The petition is not for challenging legal errors that may have taken place at trial.

The lack of effective aid of counsel, his misrepresentation of defendant, or failure to perform his duty also are not a basis for relief under a writ of error coram nobis." People v. Remling (4th Dist. 1956) 146 Cal.App.2d 476, 479.

However, a writ of error coram nobis may be used to challenge a prior conviction used to enhance a sentence if defendant’s prior conviction resulted from a guilty plea induced by misstatement of the judge or prosecutor (duress or fraud) or significant new evidence come to light after the judgement.  See People v. Goodrum (1991) 228 Cal.App.3d 397. 

If the judgement has been affirmed on appeal, a writ of error coram nobis must be filed in the appellate court (and if called coram vobis).  Penal Code § 1265(a).  The writ of error coram vobis permits the appellate court to command a trial court to reconsider the decision in light of evidence discovered during the pendency of an appeal (Betz v. Pankow (1993) 16 Cal.App.4th 931, 941) or after the appeal is over.
 
A writ of error coram nobis is generally associated with a filing in the trial court to vacate a judgment that issued the judgment.  People v. Welch, supra, at 790.

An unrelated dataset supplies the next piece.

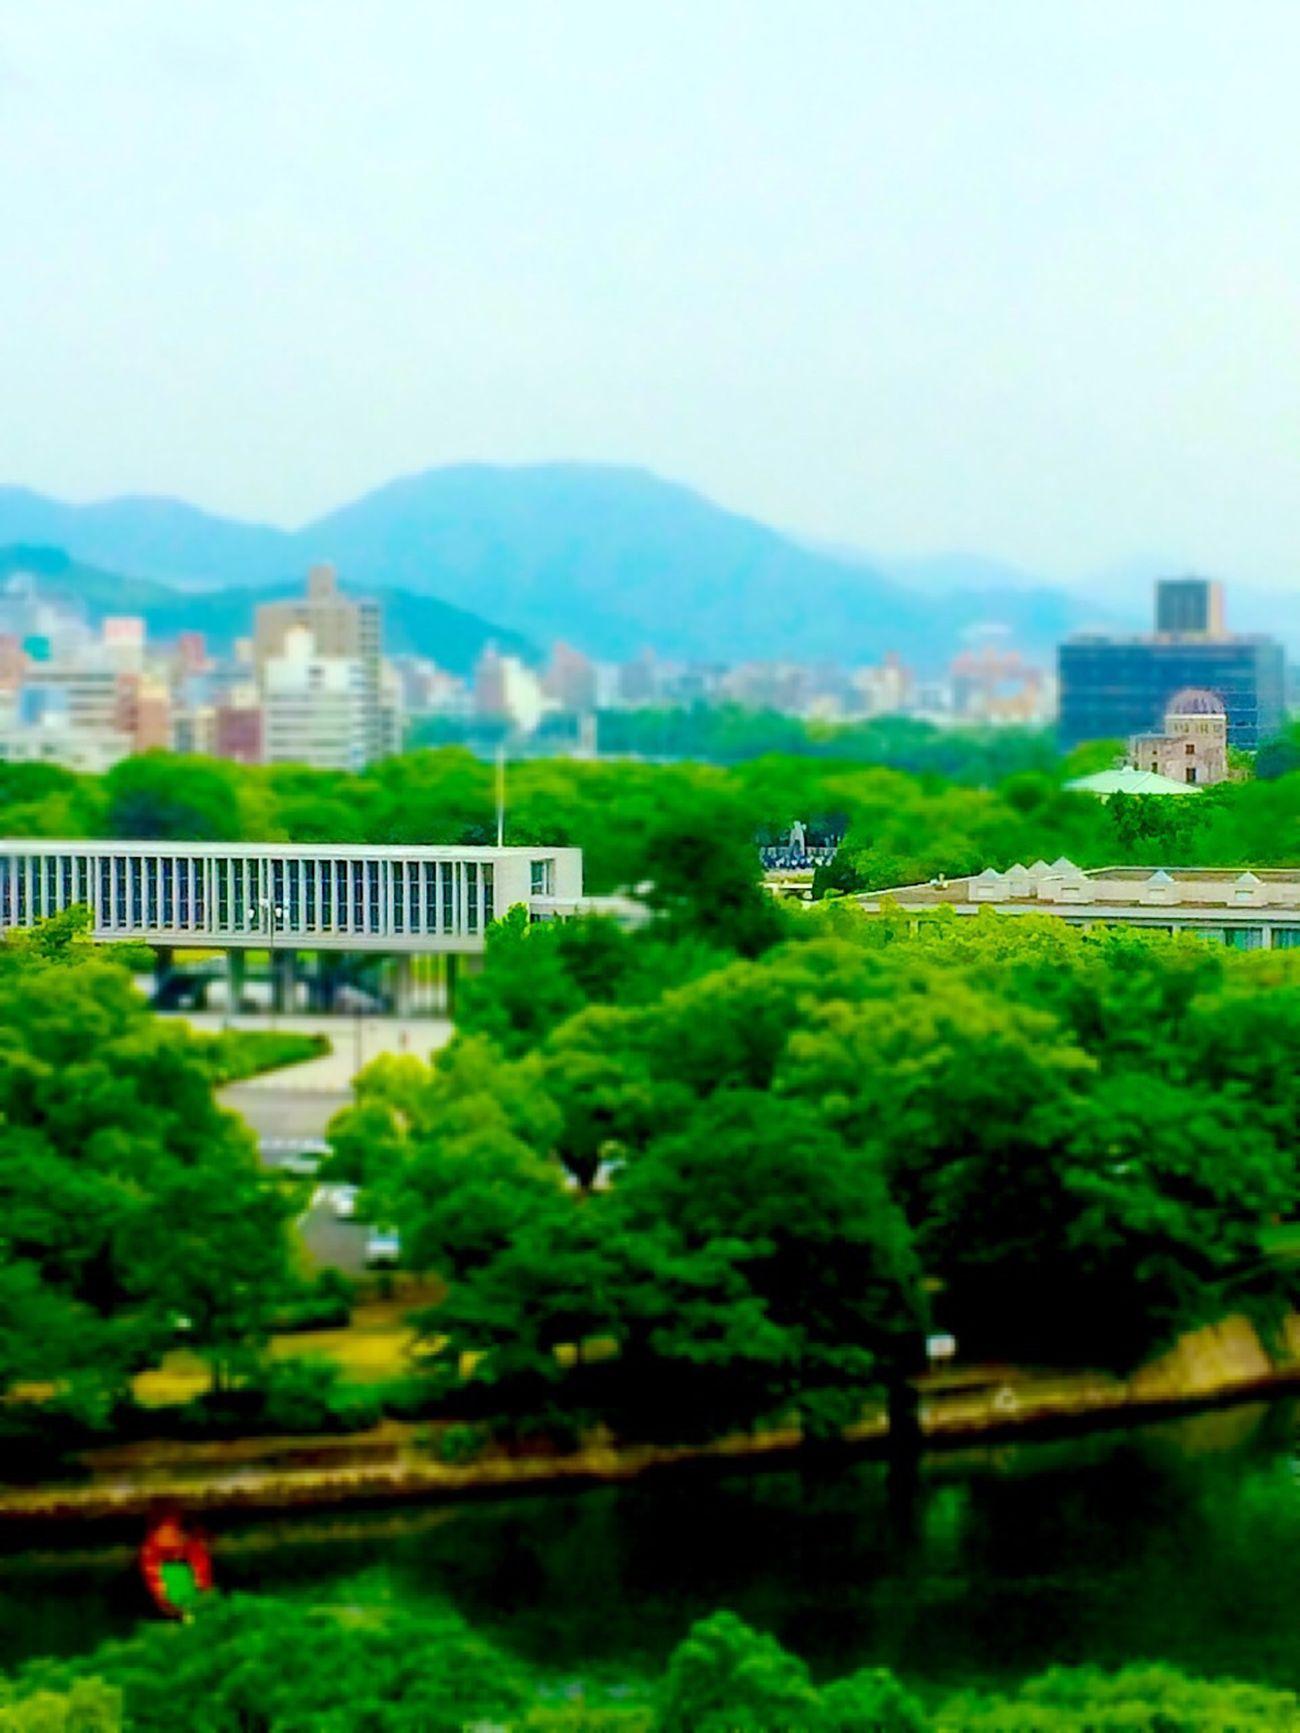 A-Bomb Dome Hiroshima Peace Memorial Park

A writ of error coram nobis may be filed after the time for filing a motion for new trial, a motion to withdraw a plea or an appeal have lapsed.  See, e.g., People v. Gallardo (2000) 77 Cal.App.4th 971; People v. Cortez (1970) 13 Cal.App.3d 317.  However, the petition may be denied for undue delay in bringing it after knowing of the need and for delay in developing the facts.  People v. Kim (2009) 45 Cal.4th 1078, 1098.

Although the grounds on which coram nobis are available are very limited, it is an important alternative because, unlike habeas corpus, coram nobis has no requirement that the petitioner still be in custody when the petition is filed.  People v. Kim, supra, at 1104.